L'AQUILA Pettorano è un paese dall’aspetto radioso situato lungo la Statale 17 che collega Sulmona a Roccaraso. L’abitato è disposto su una dorsale longitudinale che conferisce al centro una straordinaria conformazione “a due facce”. Sul versante Ovest il paese digrada sulla vallata del Fiume Gizio con i suoi flutti di acqua purissima appena usciti dalla vicina sorgente, su quello ad Est apre agli antichi percorsi legati alla transumanza, oggi trasformati in vie di attraversamento.

Pettorano restituisce l’aspetto di un borgo fortificato difeso da sei porte (oggi cinque) che offrivano l’accesso all’abitato. A dominare il paese è il Castello Cantelmo, un maniero imponente inserito in sistemi ottici di avvistamento che interessavano i castelli vicini e lo rendevano baluardo strategico della Valle Peligna, laddove questa introduceva alla Valle del Sangro. Il monumento prevede due elementi architettonici diversi: una torre pentagonale centrale più antica e una cinta muraria mistilinea esterna e successiva. Il mastio centrale governava l’intero complesso e aveva funzione di puntone, mentre la cinta muraria prevedeva l’inserimento di due torri circolari di differente diametro, introdotte sia per rispondere alle nuove tecniche ossidionali sia per praticare la difesa di fiancheggiamento. Il Castello Cantelmo dunque prevede una diacronia di elementi architettonici di difesa, ognuno riconducibile ad una specifica tecnica di assedio.
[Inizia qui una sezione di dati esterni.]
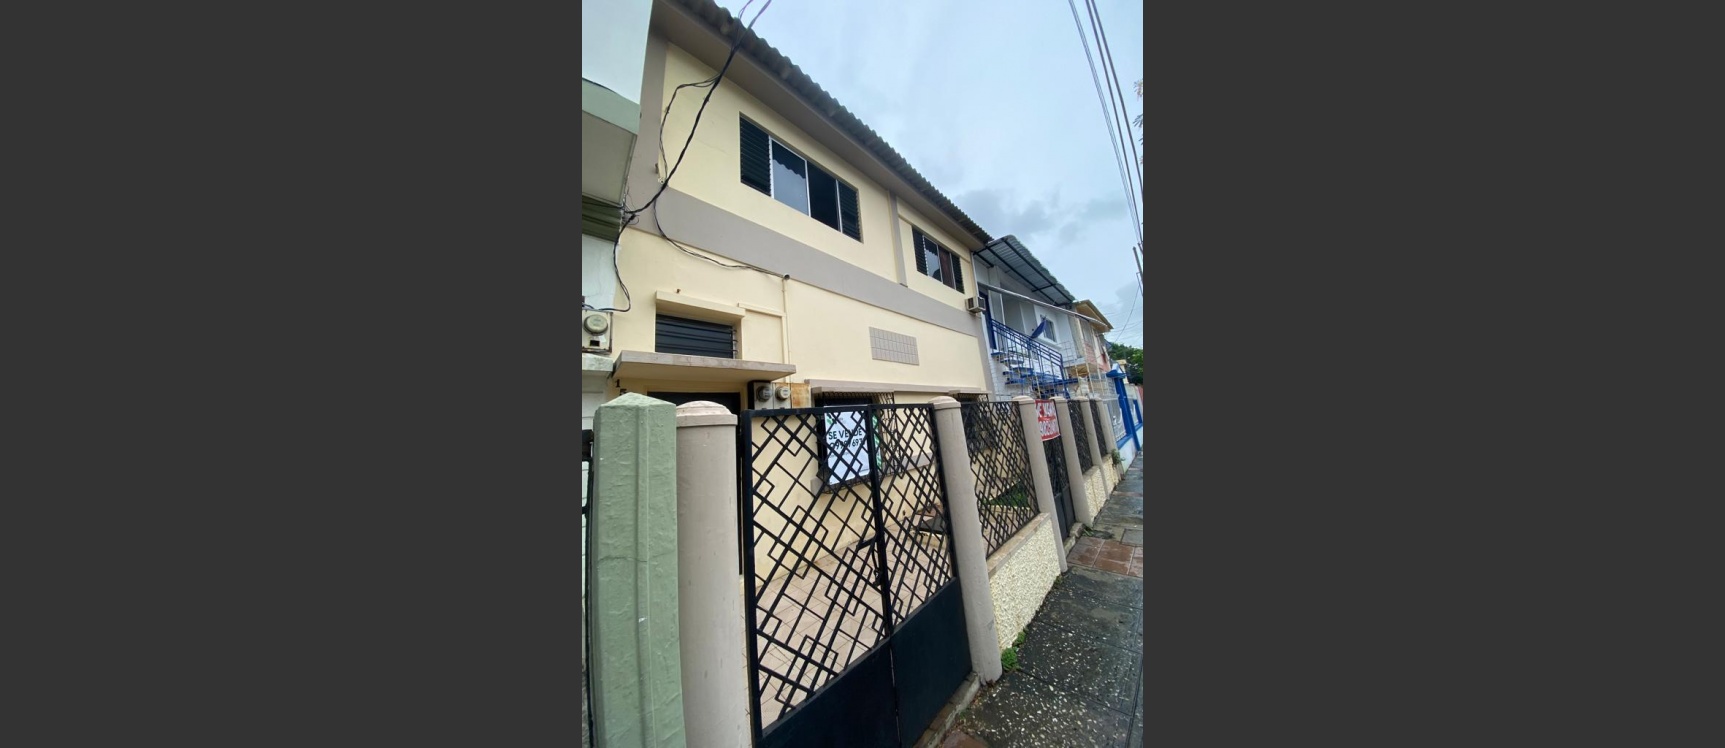 GeoBienes - Casa en venta ubicada en el Barrio Orellana, Centro de Guayaquil - Plusvalia Guayaquil Casas de venta y alquiler Inmobiliaria Ecuador

La prima attestazione riguardante le più antiche strutture difensive risale al 1093. Tra il 1154 e il 1161, durante la dominazione normanna, il Castello fu retto Oddone di Pettorano che lo presiedeva con una  fazione costituita da sette militi. Durante il periodo di Federico II, al tempo in cui l’imperatore Svevo imponeva la sua giurisdizione a dispetto di qualsiasi forma di autonomia locale (esempio ne sia la distruzione del castello di Celano) il Castello aveva funzione di baluardo e venne affidato a Federico di Antiochia, figlio dell’imperatore. Il mastio tuttavia raggiunse il periodo di massimo splendore al tempo degli angioini che ne affidarono la reggenza ad Amiel d’Agoult, identificabile con Amelio di Corbano, imparentato con Carlo d’Angiò. Per via di politiche matrimoniali, all’inizio del XIV sec. d.C. il maniero passò nelle mani dei Cantelmo, famiglia provenzale scesa in Italia al seguito degli angioini, che si estinse nel 1749. E’ a seguito di questi fatti che il Castello passò alla famiglia dei Tocco di Montemiletto, di cui un rampollo sposò l’ultima dei Cantelmo. Il Castello è visitabile ed è adibito a Museo e a centro polifunzionale per la collettività.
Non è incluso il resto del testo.